We scream in agony as our hearts are smashed – but then, in His infinite mercy, He begins to patch them up again, so that they are able to go on beating – albeit to a slightly different tune. We still hurt, we hurt so much, even as He joins up the broken fragments, using flesh as the ‘glue,’ so it sounds different to a physician. But He doesn’t want any stone left, so as soon as the heart is beating OK and the blood circulating again, it seems that He may smash some more of the bits of stone. We see it in action on any building site ... but on a building site it is academic. When we ourselves are under the anvil we can’t stand it; at a time like this, the pain feels too great to bear.

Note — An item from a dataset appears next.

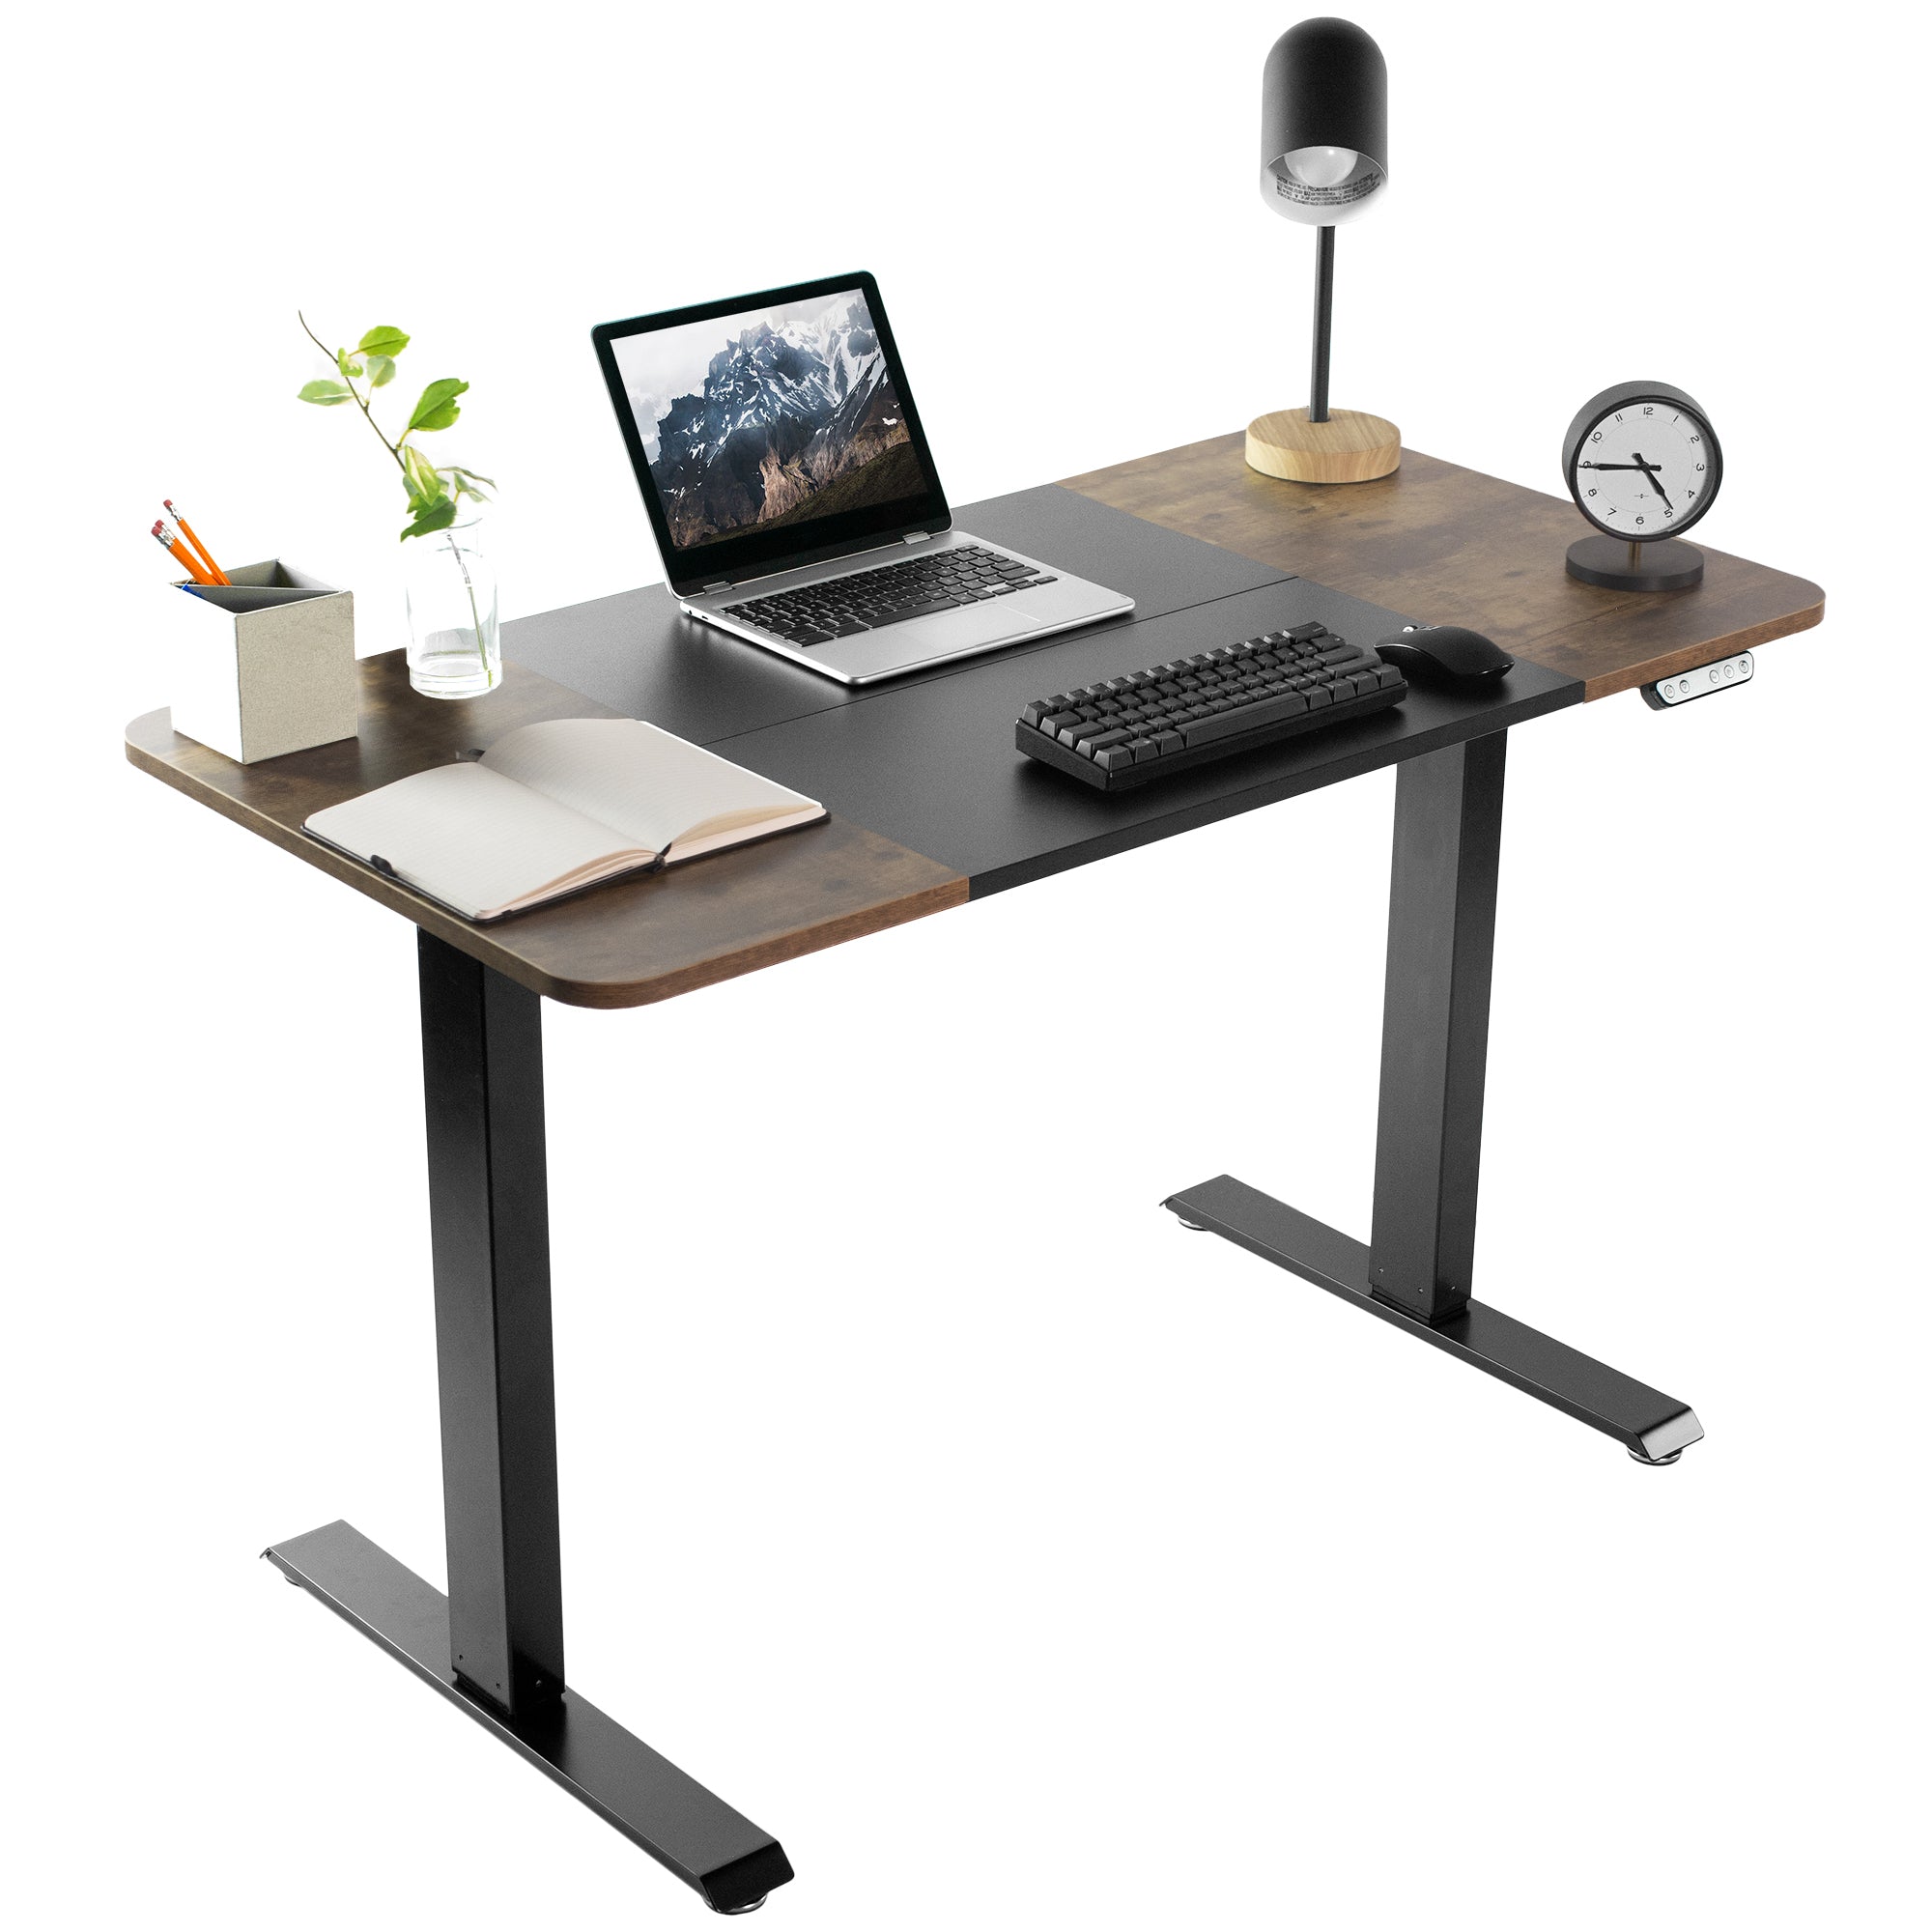 Adjustable Desks, Standing Desks & Workstations

That’s how we feel – so how about your mother, your amazing mother? You would be so proud of her now, she whose calling, like Deborah, is to be ‘a mother in Israel,’ and yet whose natural child has been so cruelly taken from her in an instant. She with whom you made such a brilliant team, she from whom you inherited your big heart, your compassionate nature, your caring for the one who is despised, rejected, oppressed, afflicted, the asylum seeker, the refugee, the outcast, she who taught you to notice and to nurture the underdog, to feed the hungry, to give drink to the thirsty, to take in the stranger, to clothe the naked, to visit the sick, to go to the prisoner. We hurt for her, too, immeasurably, although we know that her calling is bigger than that, that she has many, many more children than you, many, many more, throughout the world, who love her deeply as a mother, whose lives she has influenced and will continue to influence for good. As she taught you, you enlarged her; as she teaches others, your influence will flow through her and continue in her, so that, in and through her you will never be forgotten. She is not you, nor would we want her to be; she is herself. We love you both, individually, for who you both are, interlinked but independent, two very special women, unforgettable, always in our hearts.

This was supposed to be a reminiscence of you. It’s still a sea of pain, such pain – ‘Is there no balm in Gilead; is there no physician there? … Oh that my head were waters, and mine eyes a fountain of tears, that I might weep day and night for the slain of the daughter of my people!’